Abstract

In a FES standing project, we screened 522 complete paraplegics for functional standing. Although 115 (22%) met our selection criteria according to their records, only 15 progressed to safe and independent standing and 7 continued to do so at home. We estimate that about 10% of the complete paraplegic population are suitable for FES functional standing. More emphasis should be placed on therapeutic standing to help the other 90% and to try and increase the number available for functional standing.

Introduction

In 1991, we planned a project to investigate the use of lumbar motor root stimulator for the restoration of leg function in complete paraplegics. The LARSI project (Lumbar Anterior Root Stimulator Implant) ran from 1992-2001. The main purpose that we envisaged for the device was standing in front of a wheelchair which had extending handles, as part of the activities of daily living. This was described by Kralj and Bajd [1, p114] and we called it functional standing. The volunteer subjects had to choose to have a device chronically implanted without being able to confidently anticipate its functional value. Clearly it was of the utmost importance that the individuals were suitable in every way and were as fully informed as possible. Our selection process was therefore cautious and rigorously applied: it has been described by Rushton et al. [2]. One of the products of the project, is an estimate of how many complete paraplegics are suitable for functional standing. This paper summarises these findings. We also offer some opinions about desirable directions for progress in FES-standing.

Selection Procedure

The stages of the procedure, which are listed in Table 1, were:

· identifying patients who met the selection criteria (Table 2) by consulting records and talking to medical doctors;

· inviting patients to come and find out about the project;

· assessing those interested in the clinic;

· running a programme of progressive muscle training;

· standing the subjects in the clinic;

· letting them stand at home (using closed loop control [3]);

· offering an implant to suitable subjects.

The progressions between stages in this procedure depend either on objective physical facts or on the wishes of the subjects. The former are indicated in Table 1 by the fractions in the third column. By multiplying these fractions together, we can find the proportions of the whole population who we would expect to be physically able to reach this stage. In other words, this is an estimate that assumes that all paraplegics would wish to follow the procedure as far as they are physically able.

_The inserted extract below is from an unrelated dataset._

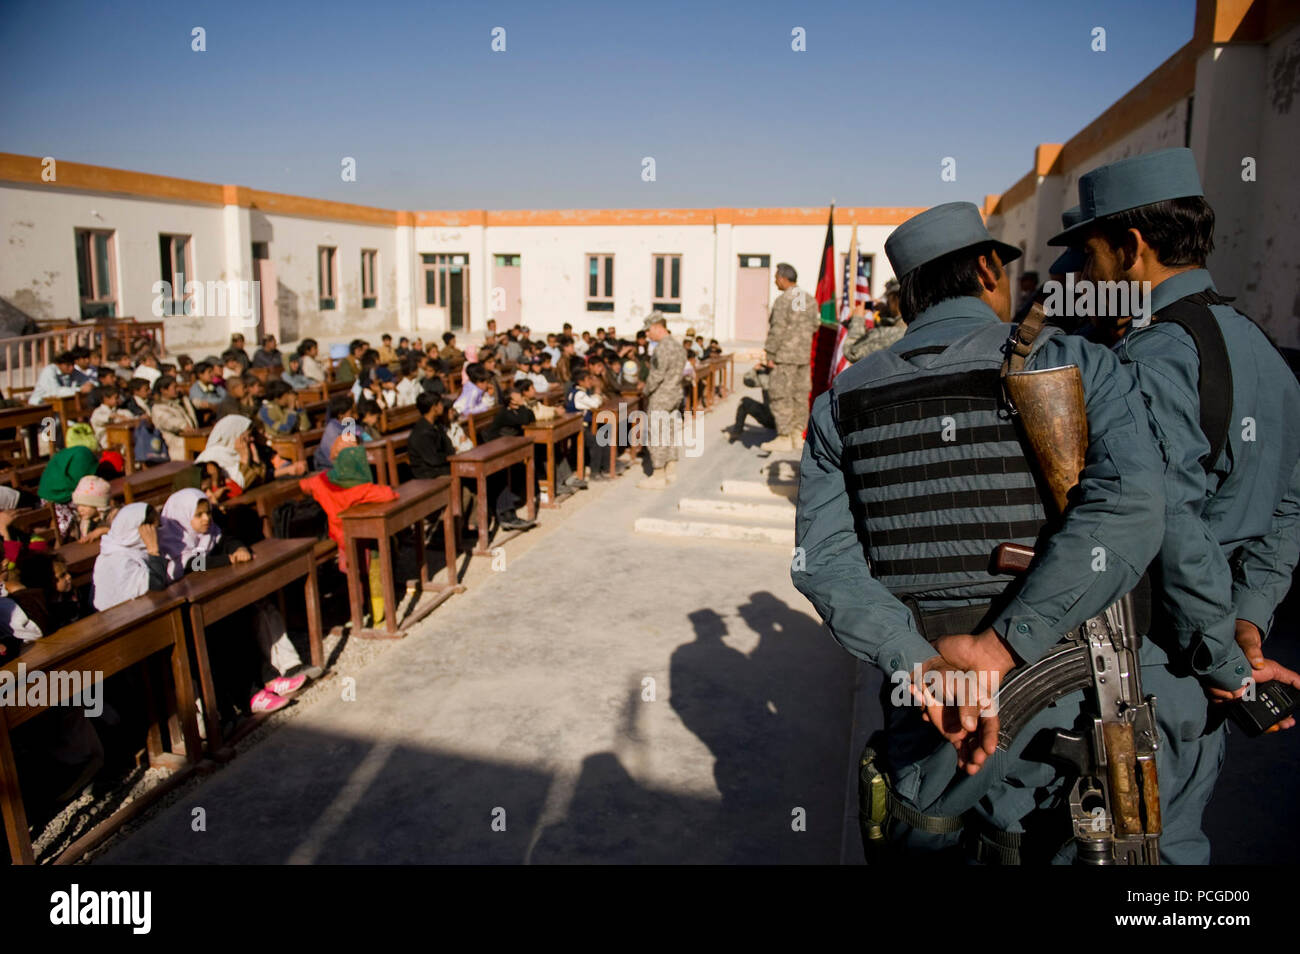 Afghan national policemen look on as a local coalition leader speaks to children at an elementary school near Kandahar Air Field. Both Afghan and coalition leaders spoke to the children on the importance of education and good behavior before handing out school supplies. Stock Photo
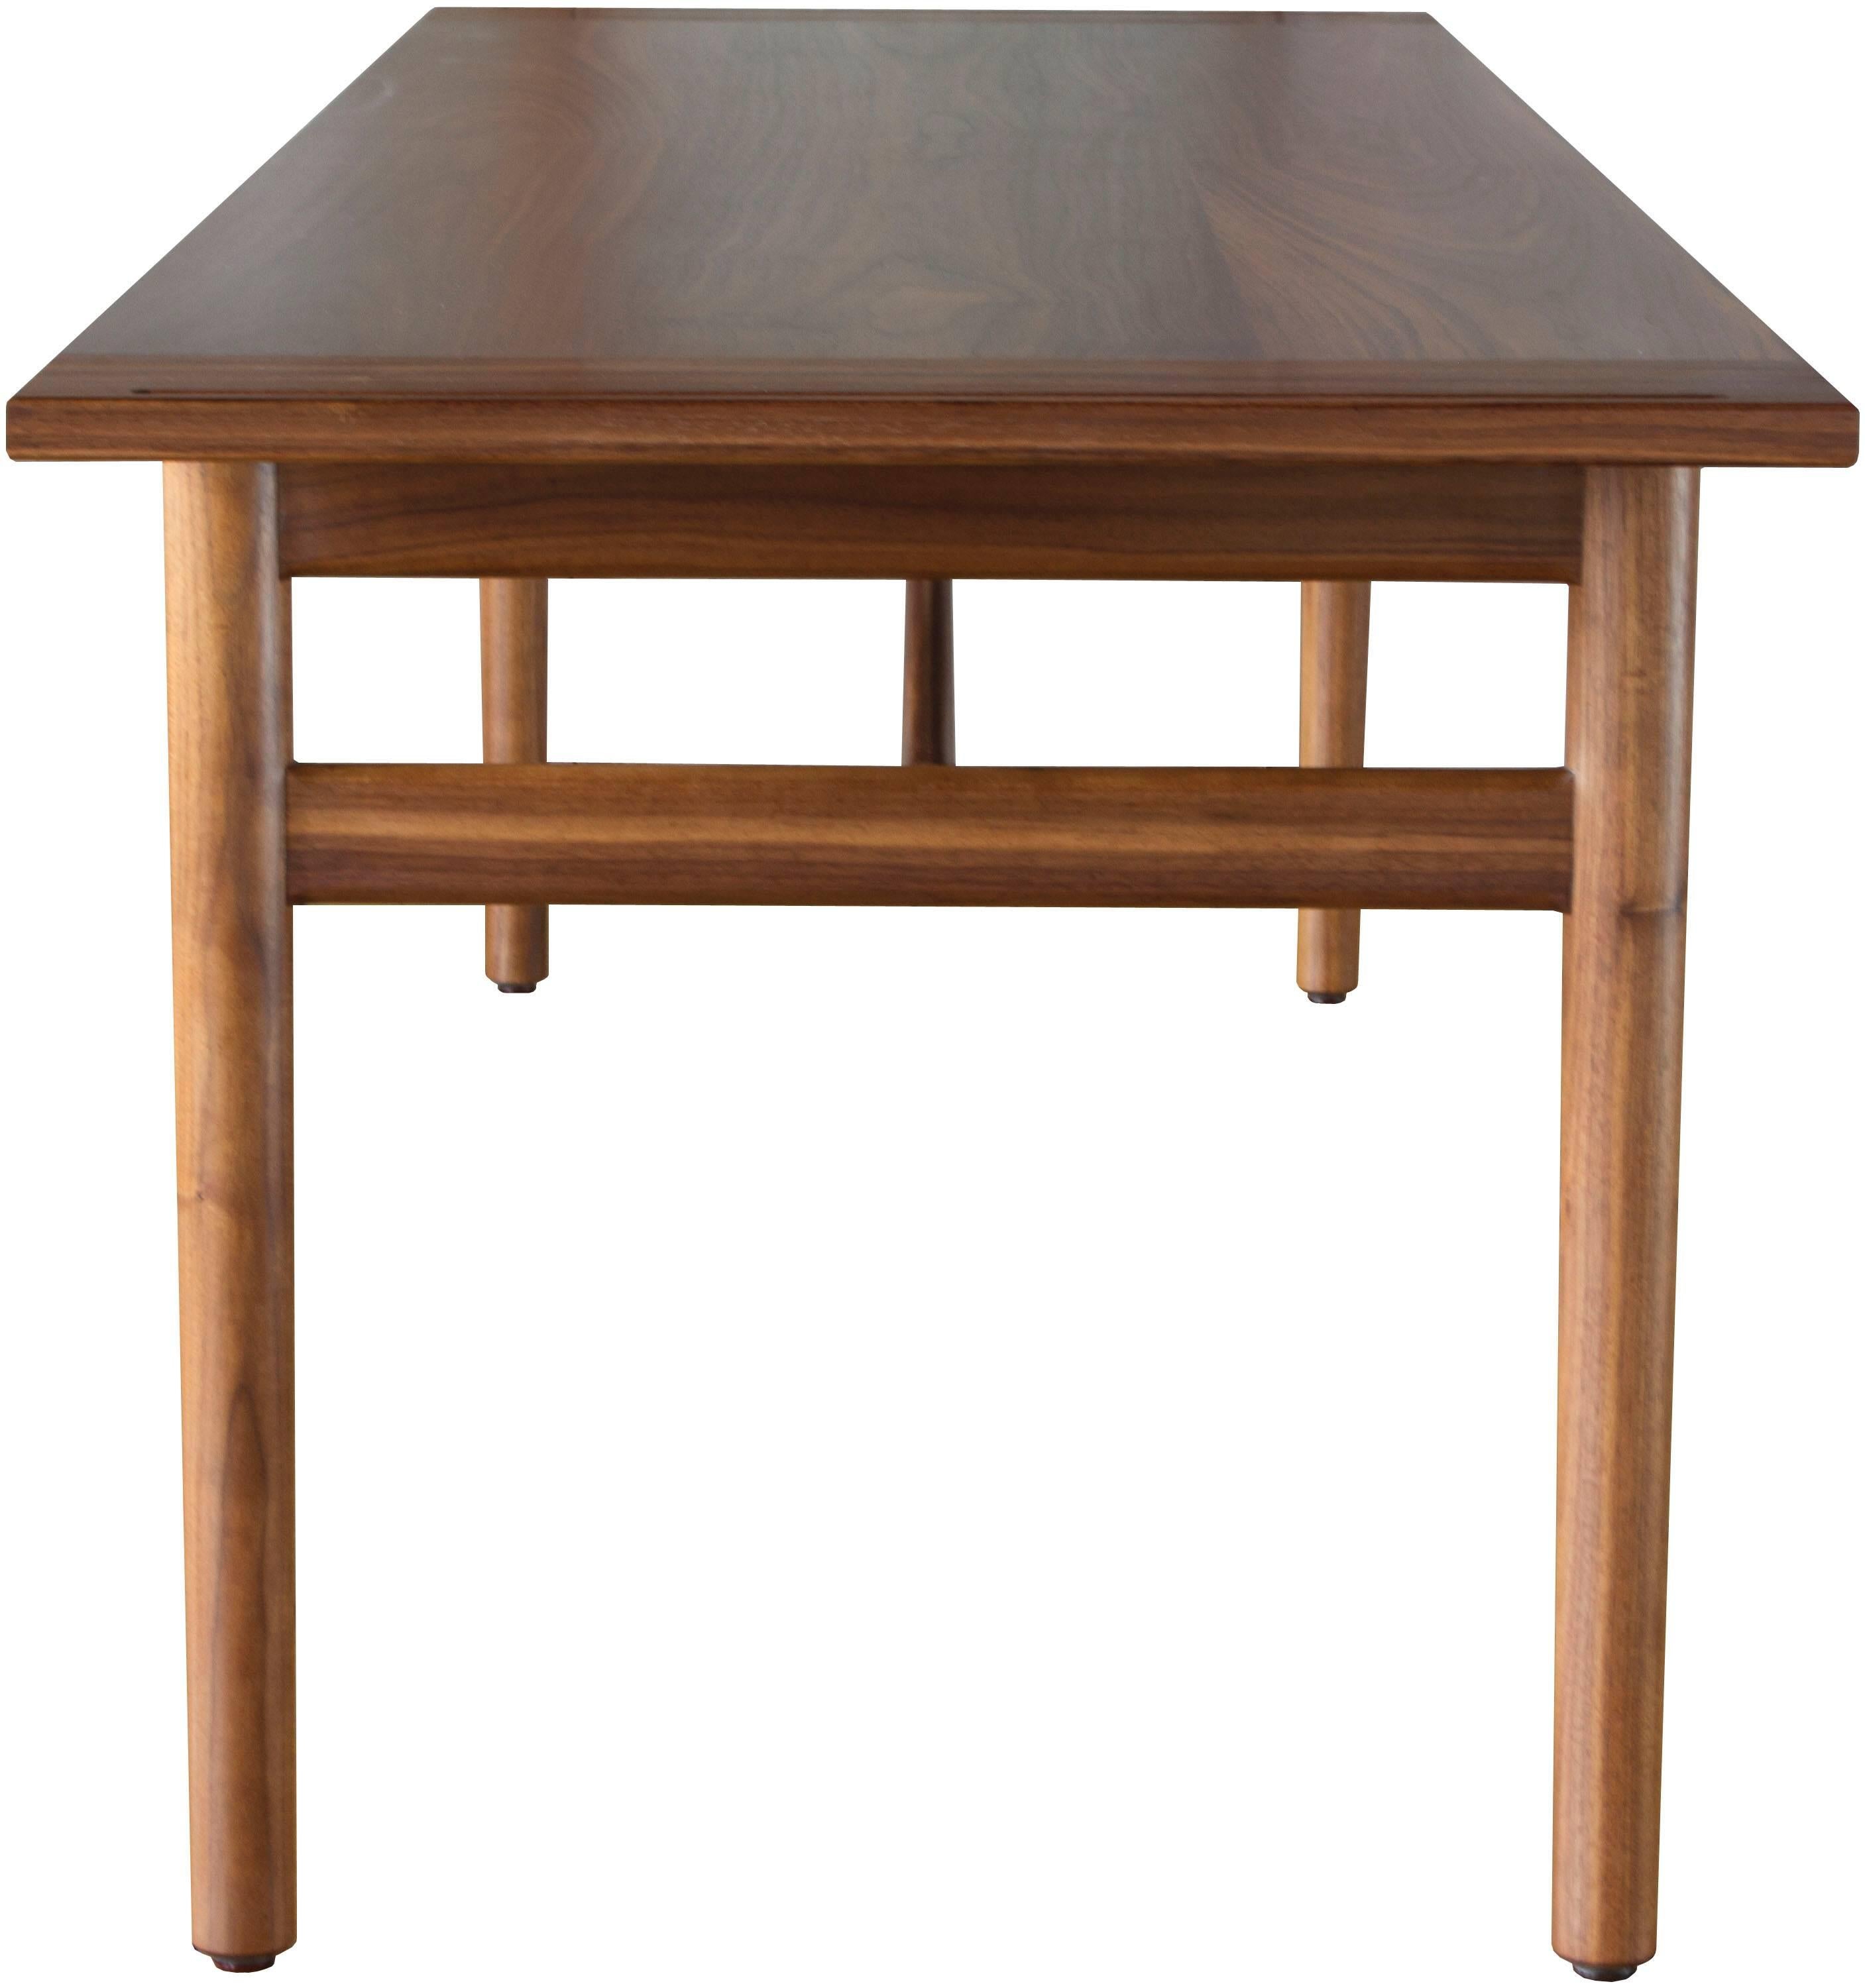 American Silbrook Table in Oiled Walnut - handcrafted by Richard Wrightman Design

The selection criteria that were applied are shown in Table 2. Criteria 6-9 would not apply to all FES-standing projects and these make up 27% of the rejections. Consequently, if we want to reach a general (i.e. most optimistic) estimate of how many paraplegics are suitable for FES-standing, we assume that these would have gone forward, raising the proportion of suitable paraplegics from the 22% at Stage 2 in Table 1 to 43%.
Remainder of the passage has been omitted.